Background information

AnalyticDB for PostgreSQL (previously known as HybridDB for PostgreSQL) is a popular real-time data warehousing service provided by Alibaba Cloud. It is a simple, fast, and cost-effective manner for building petabyte-scale data warehouses on the cloud.

Register the instance and create a database and schemas

  1. Register the AnalyticDB for PostgreSQL instance with DMS. For more information, see Register an ApsaraDB instance.
    Note Set the Control Mode parameter to Security Collaboration and the Security Rules parameter to adb-pg-default.
  2. In the Database instance section in the left-side navigation pane on the homepage of the DMS console, right-click the AnalyticDB for PostgreSQL instance you registered, and select Database management in the menu that appears.
  3. Create a database.

    In this example, the database is named dms_adbpg_demo_db.

    1. Click Create DB.
    2. Set the Database Name, Character set, and Validation rules parameters.
      Note If an instance is managed in Security Collaboration mode, you must configure a security rule that allows the CREATE DATABASE command to be executed. For more information, see SQL Correct.
    3. Click OK.
    4. Click the Refresh icon icon above the Database instance section in the left-side navigation pane on the homepage of the DMS console.
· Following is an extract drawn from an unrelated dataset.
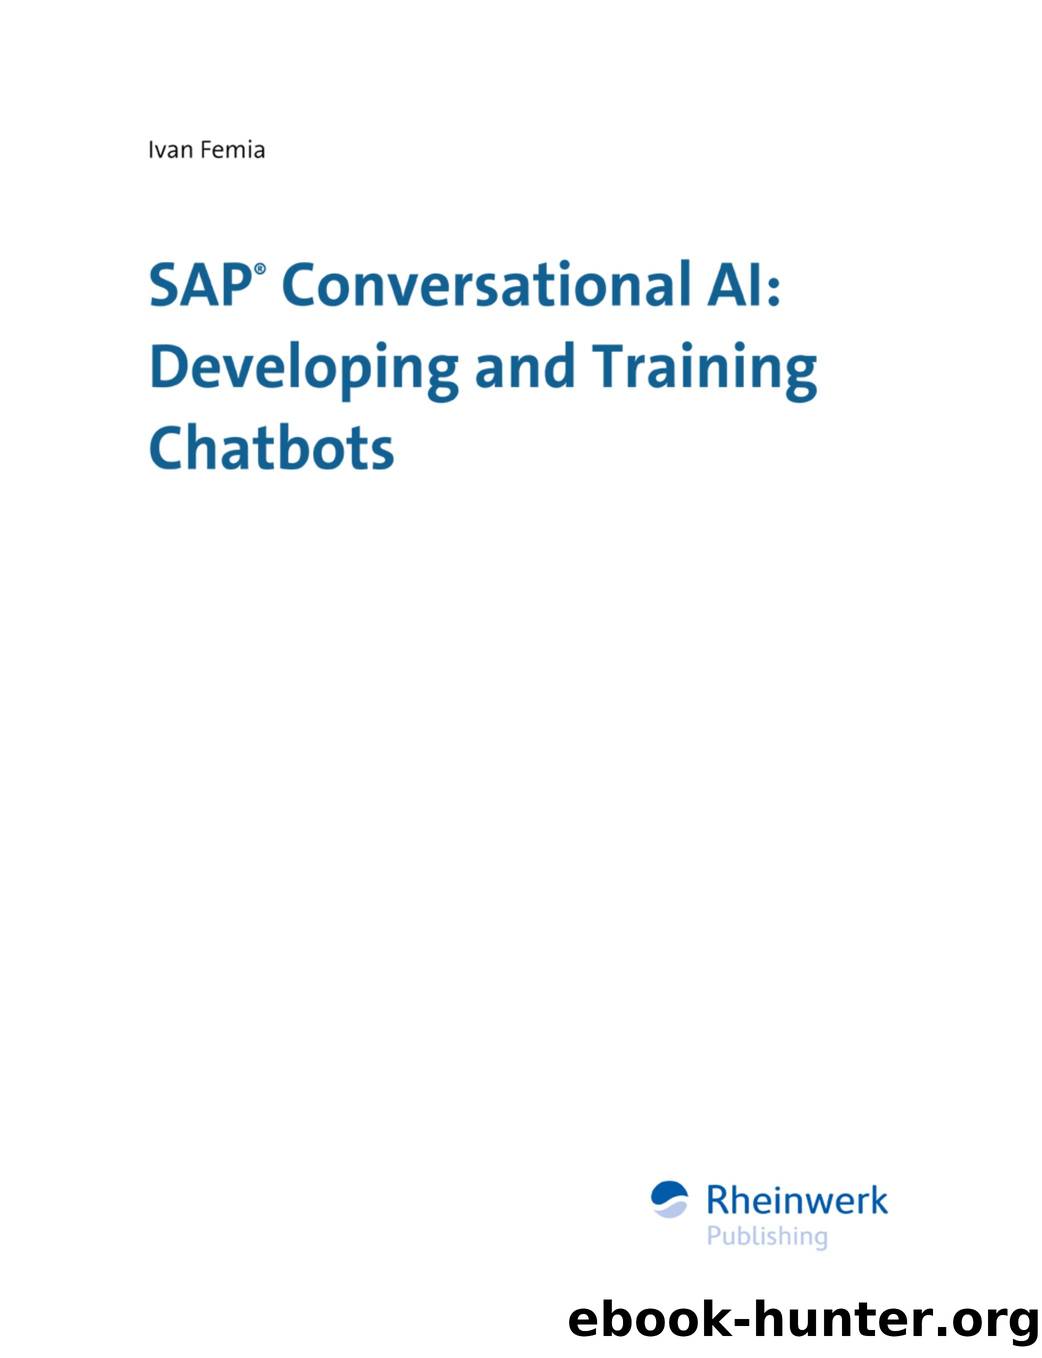 SAP Conversational AI by Developing & Training Chatbots

You can view the created database in the AnalyticDB for PostgreSQL instance.
  4. Create schemas.
    1. Click the dms_adbpg_demo_db database and double-click the default schema named public.
    2. On the SQLConsole tab, enter the following commands and click Execute to create schemas named dms_adbpg_demo_schema and dms_test.
      CREATE SCHEMA dms_adbpg_demo_schema;
      CREATE SCHEMA dms_test;

Apply for permissions

In DMS, you need to apply for access permissions on the AnalyticDB for PostgreSQL instance for your account.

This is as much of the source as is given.